One could simply disable the cache for write-intensive workloads, but even read-dominant workloads will suffer from the interference of writes if overly eager eviction makes it possible to admit blocks at a high rate. Admitting new blocks generates writes, and writes will interfere with reads.

Consider data in Table 1 for the three read-dominant workloads from Table 2 (this table contains workloads with large working sets, for which caching may be beneficial). Table 1 shows data for experiments with eviction configured to eagerly evict unused blocks and for experiments configured to run without any eviction at all. When the cache is full and new blocks cannot be admitted, eager eviction frees up the space. While admitting recently referenced blocks in favour of those that were less recently accessed should improve the hit rate, this also generates more writes into NVRAM, which may diminish the rate at which we can read cached blocks. Indeed, we see from Table 1 that even though the cache hit rate with eager eviction is higher (as expected), the overall throughput is substantially lower than without any eviction.

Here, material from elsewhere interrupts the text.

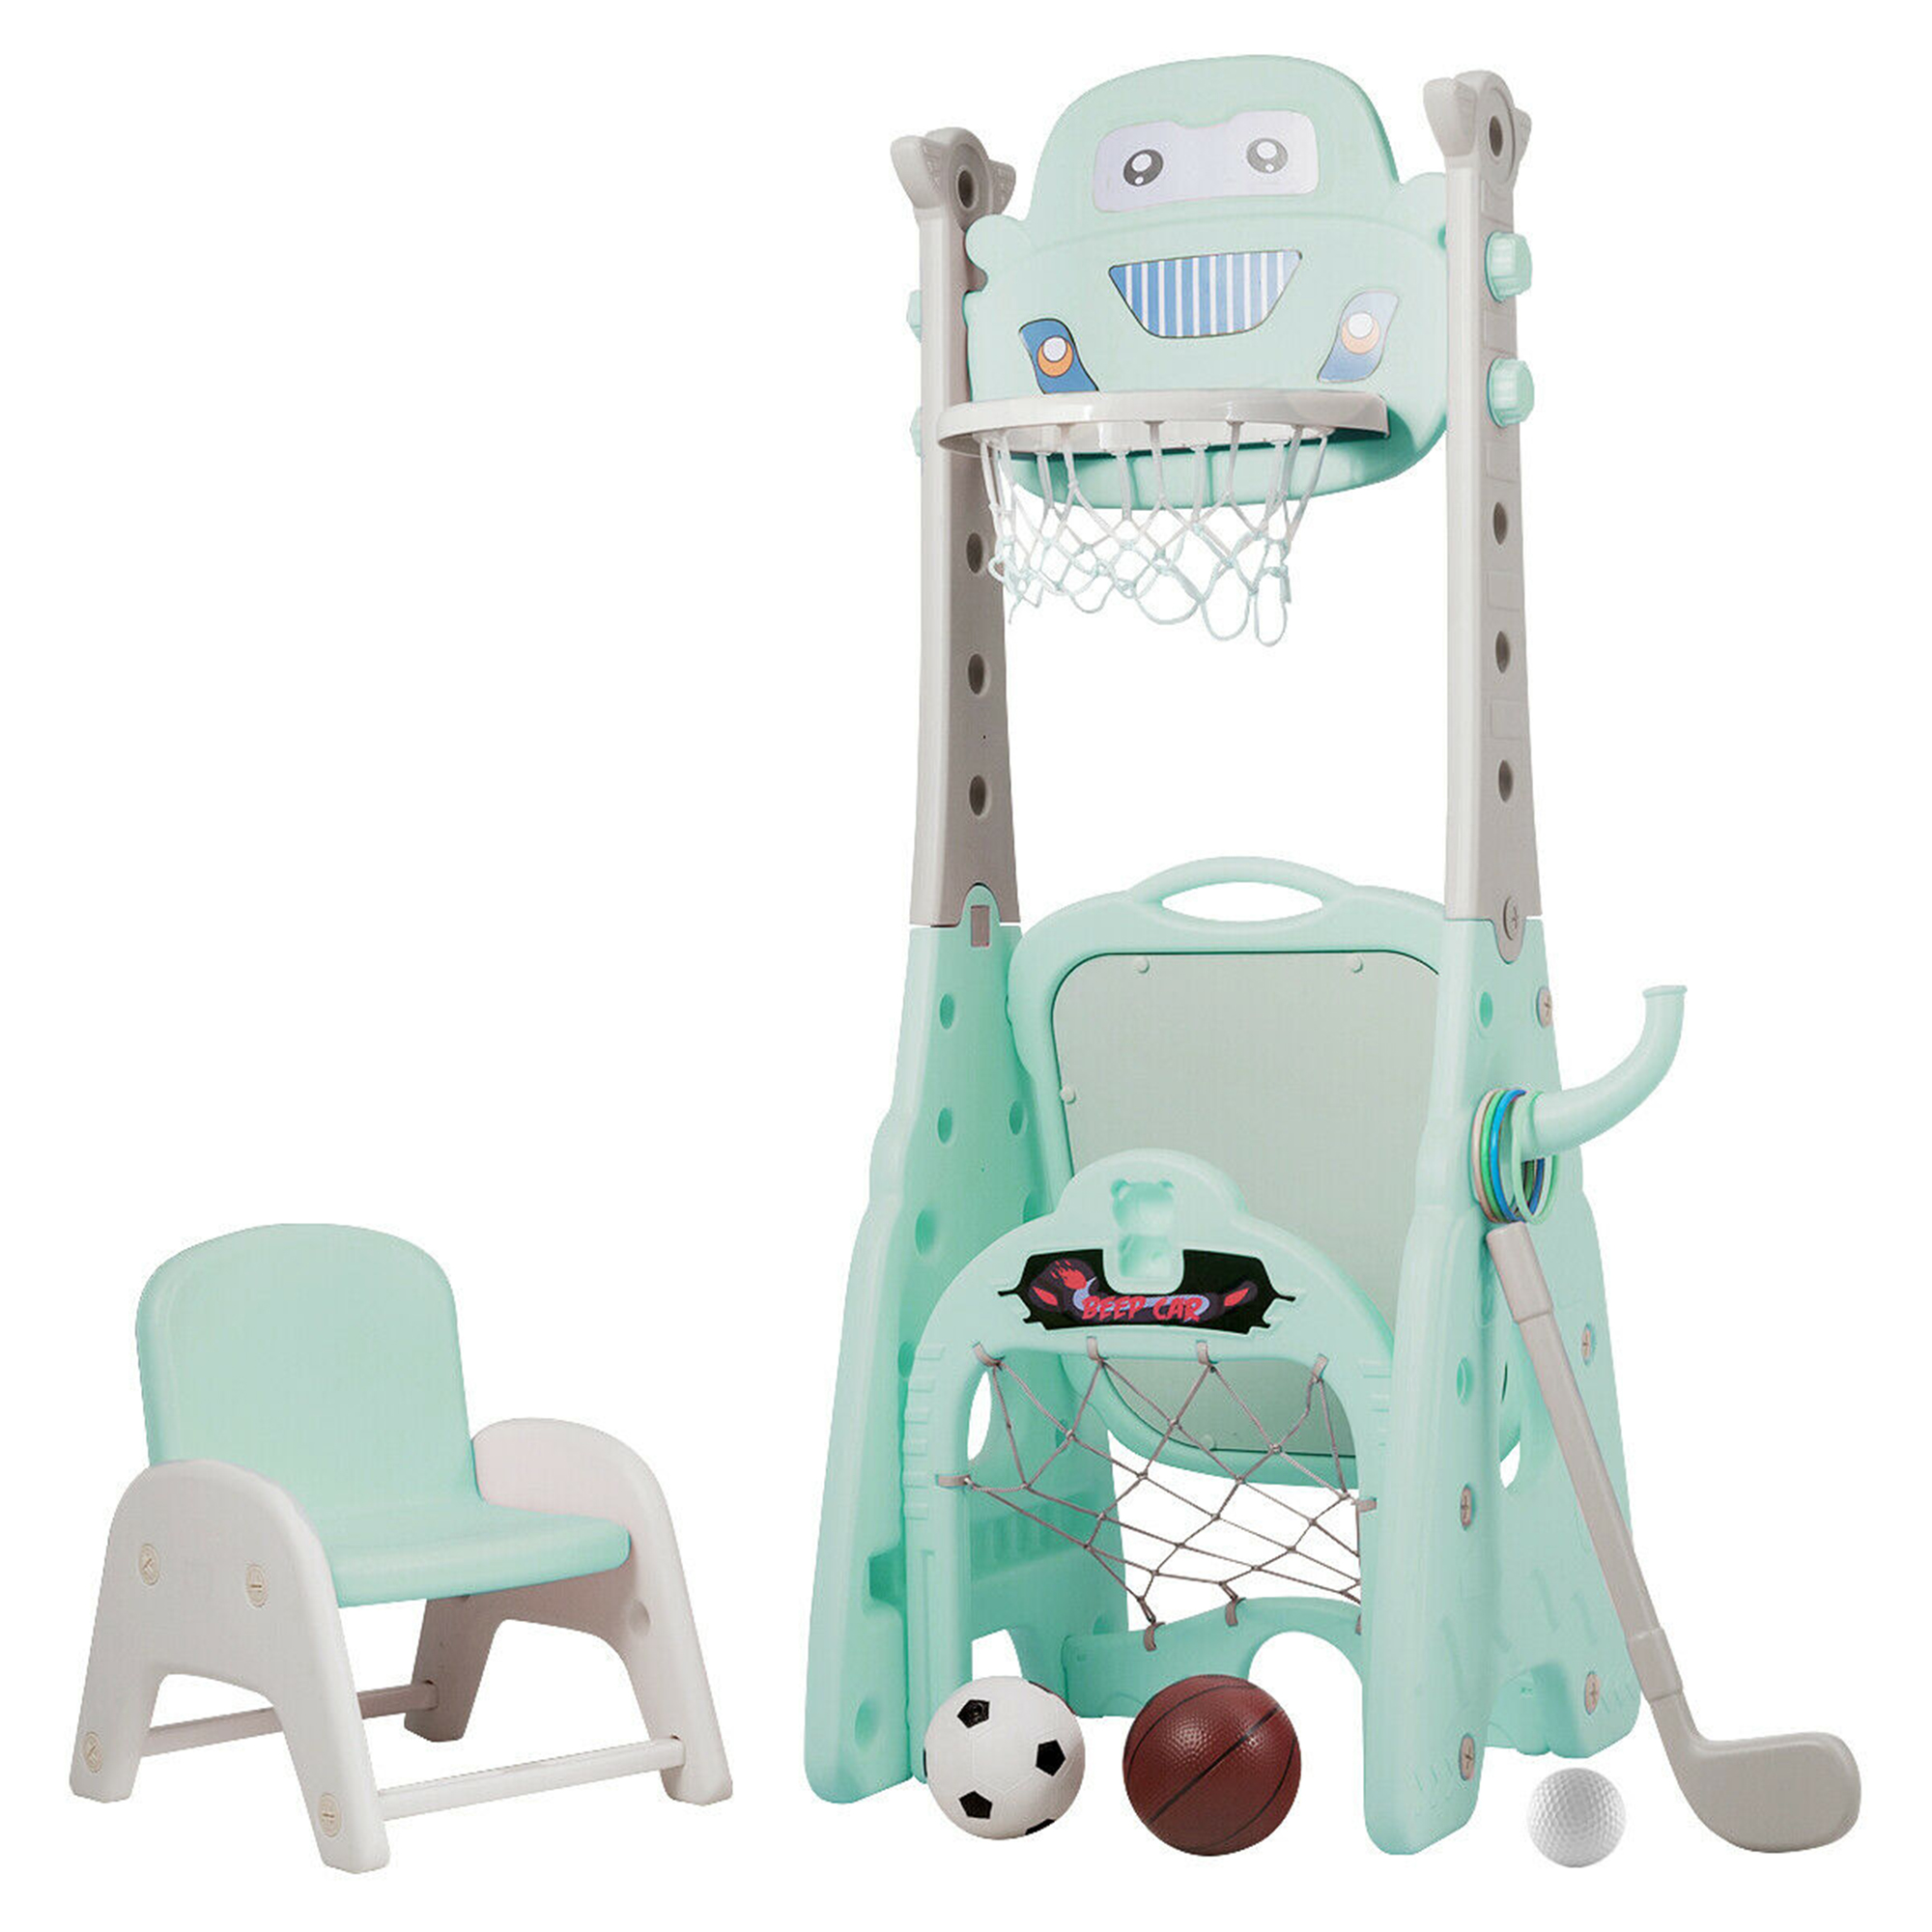 Kids Adjustable Basketball Hoop 5 in 1 Sports Activity Center for Indoor Outdoor
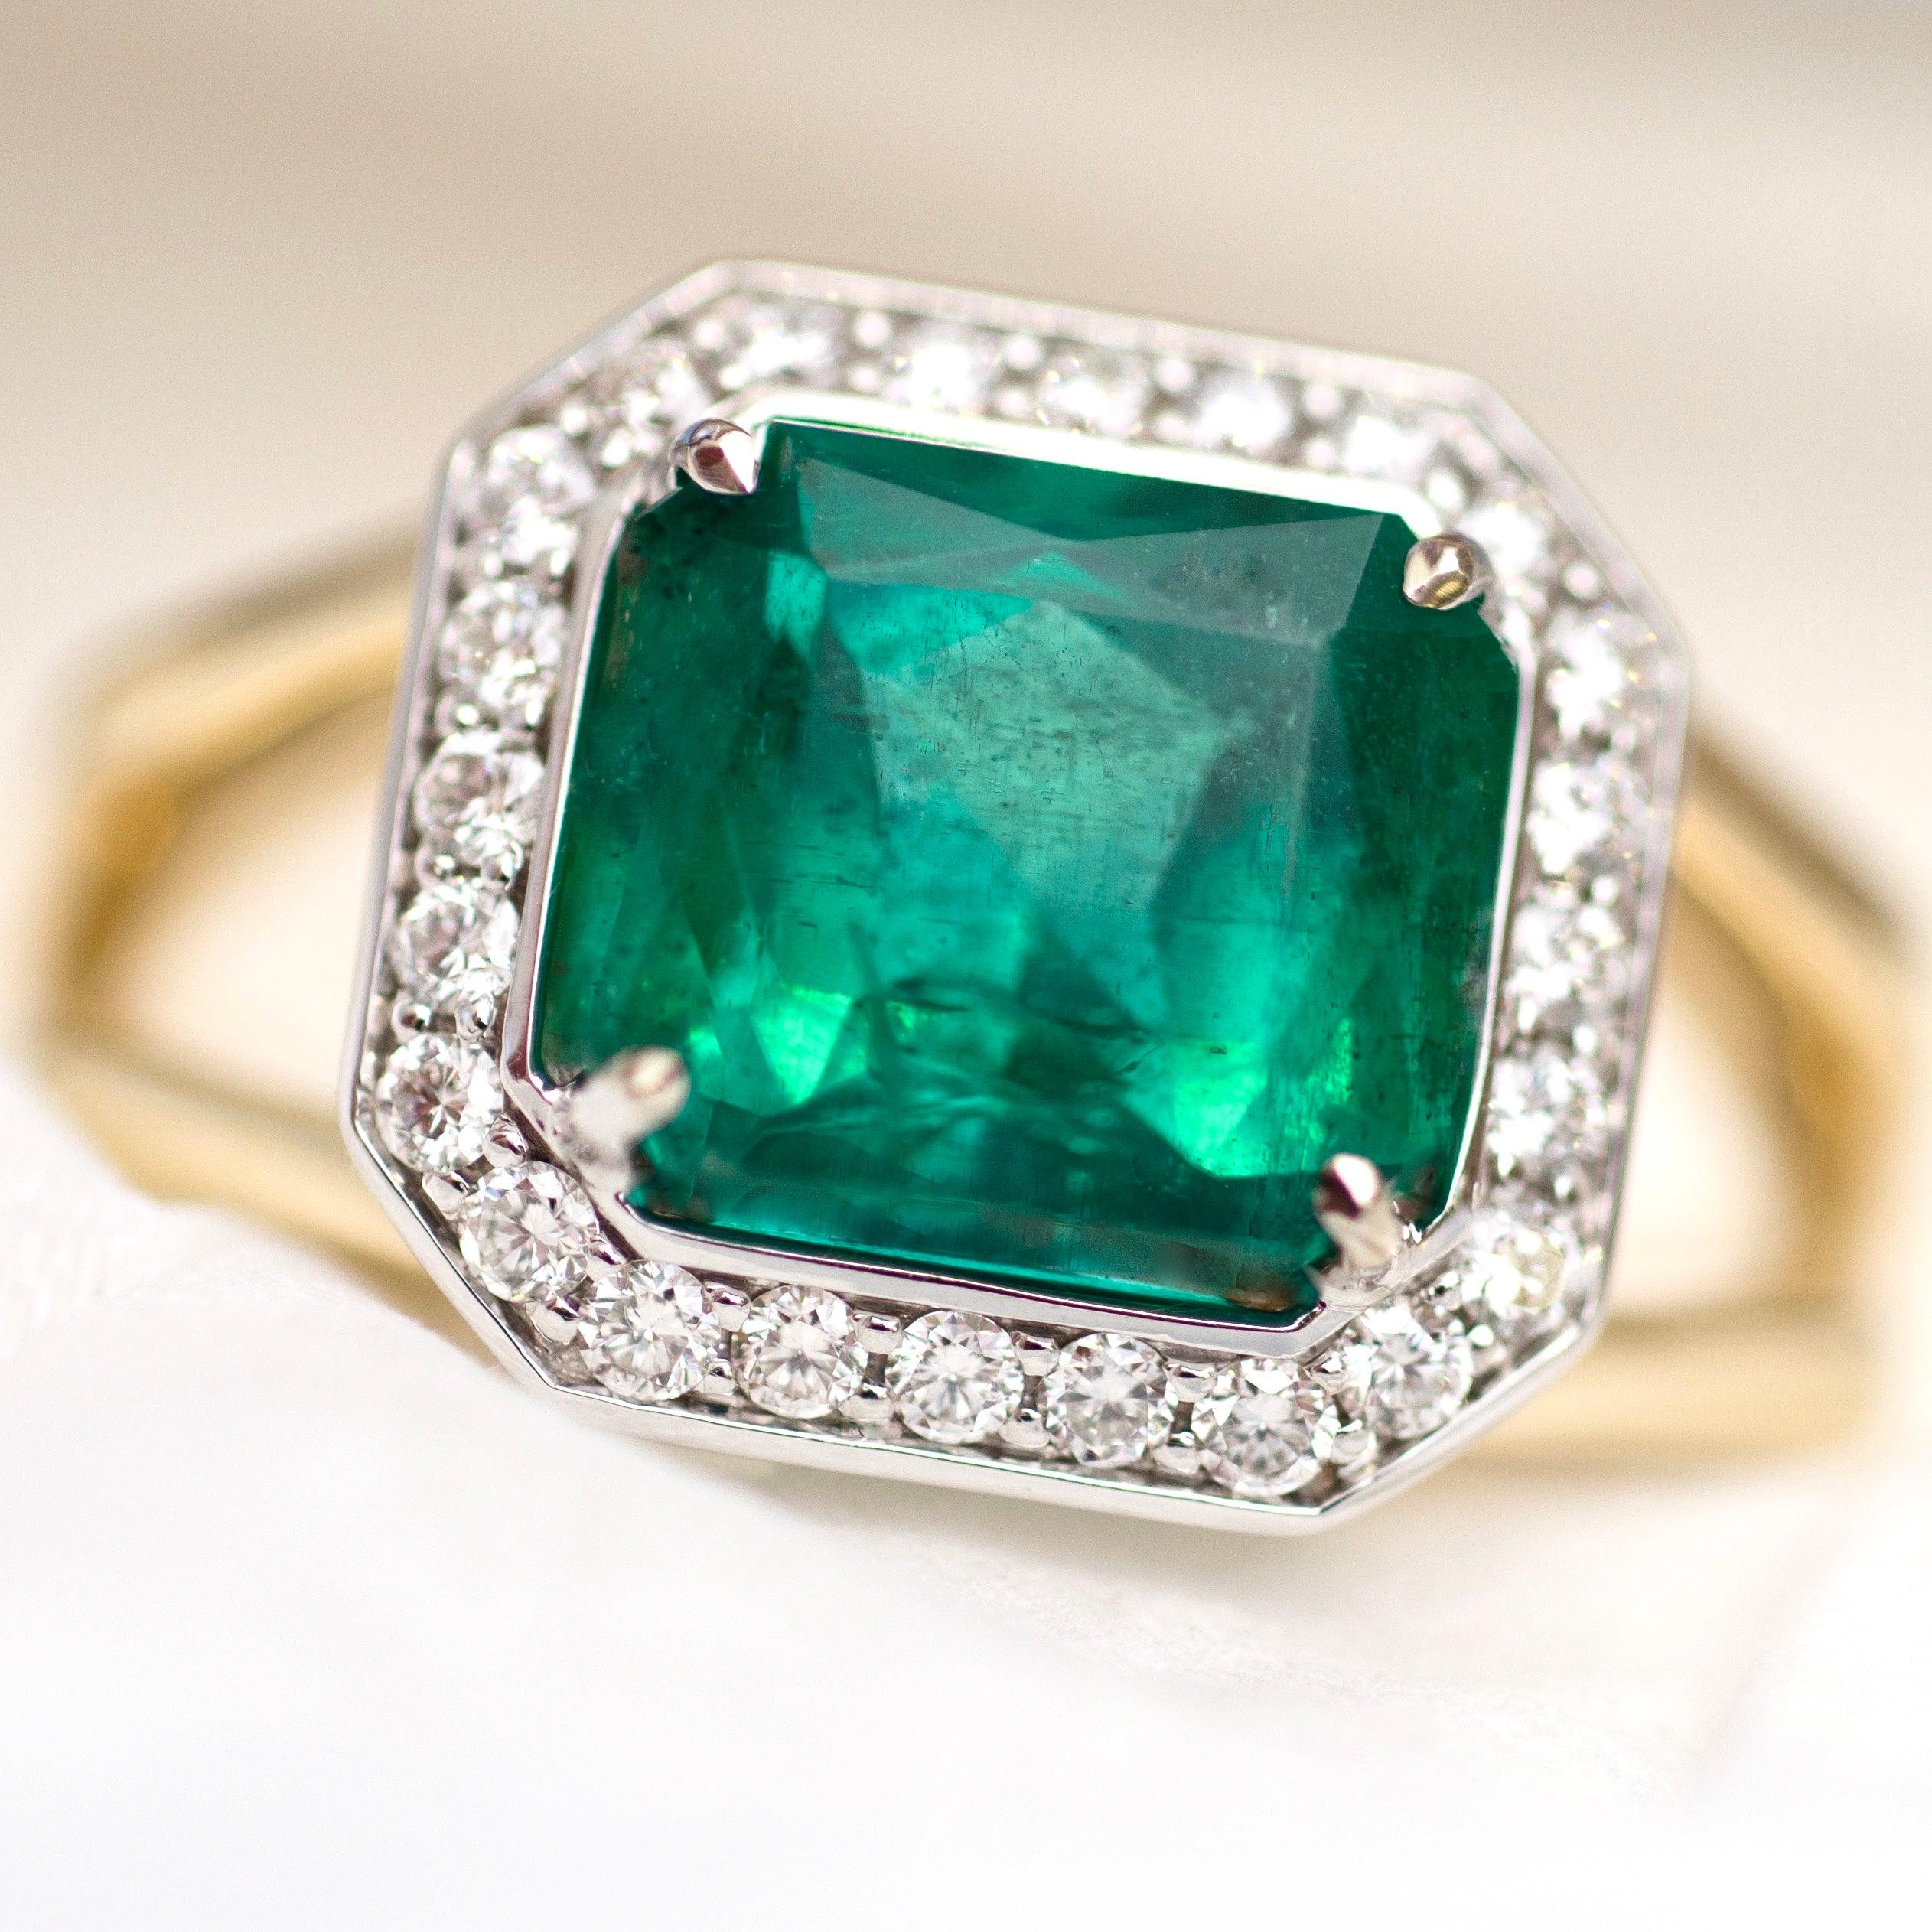 For Sale:  3 Carat Intense Green Natural Emerald Diamonds 18 Karat Yellow White Gold Ring 4

That is because the amount of cache writes produced with eviction is substantially higher than without it, and the writes slow down the reads.

|           | Eager eviction |          | No eviction |          |
|-----------|----------------|----------|-------------|----------|
| WL        | ops/sec        | hit rate | ops/sec     | hit rate |
| evict-    | 61,699         | 48%      | 162,690     | 44%      |
| btree-    |                |          |             |          |
| large     |                |          |             |          |
| evict-    | 97,491         | 45%      | 134,404     | 36%      |
| btree-    |                |          |             |          |
| scan.read |                |          |             |          |
| medium-   | 62,012         | 48%      | 164,644     | 44%      |
| btree-    |                |          |             |          |
| large     |                |          |             |          |

Table 1: Throughput of read-dominant workloads suffers substantially with aggressive eviction despite it producing a higher cache hit rate. Aggressive eviction generates many writes that hurt the throughput of cache lookups (reads).

The question we then ask is: how to balance the rate of block admission and removal, which generate writes, with the rate of cache lookups, which produce reads? To address it, we introduce the overhead bypass ratio (OBP):

$$OBP = \frac{blocks\_inserted + blocks\_removed}{blocks\_looked\_up}$$

Intuitively, the quantity in the numerator captures the cost of using the cache: the write-generating insertions and removals. The quantity in the denominator captures the benefit: cache lookups. OBP thus expresses the balance between the cost and benefit of using the cache; we experimentally determined that a target ratio of 10% works best, but settings between 5% and 30% were also acceptable. If OBP were to be ported and tuned for different hardware, the thresholds would be adjusted according to the degree to which concurrent writes affect the reads. E.g., on hardware where writes have a smaller effect on the performance of reads, acceptable OBP thresholds would be higher.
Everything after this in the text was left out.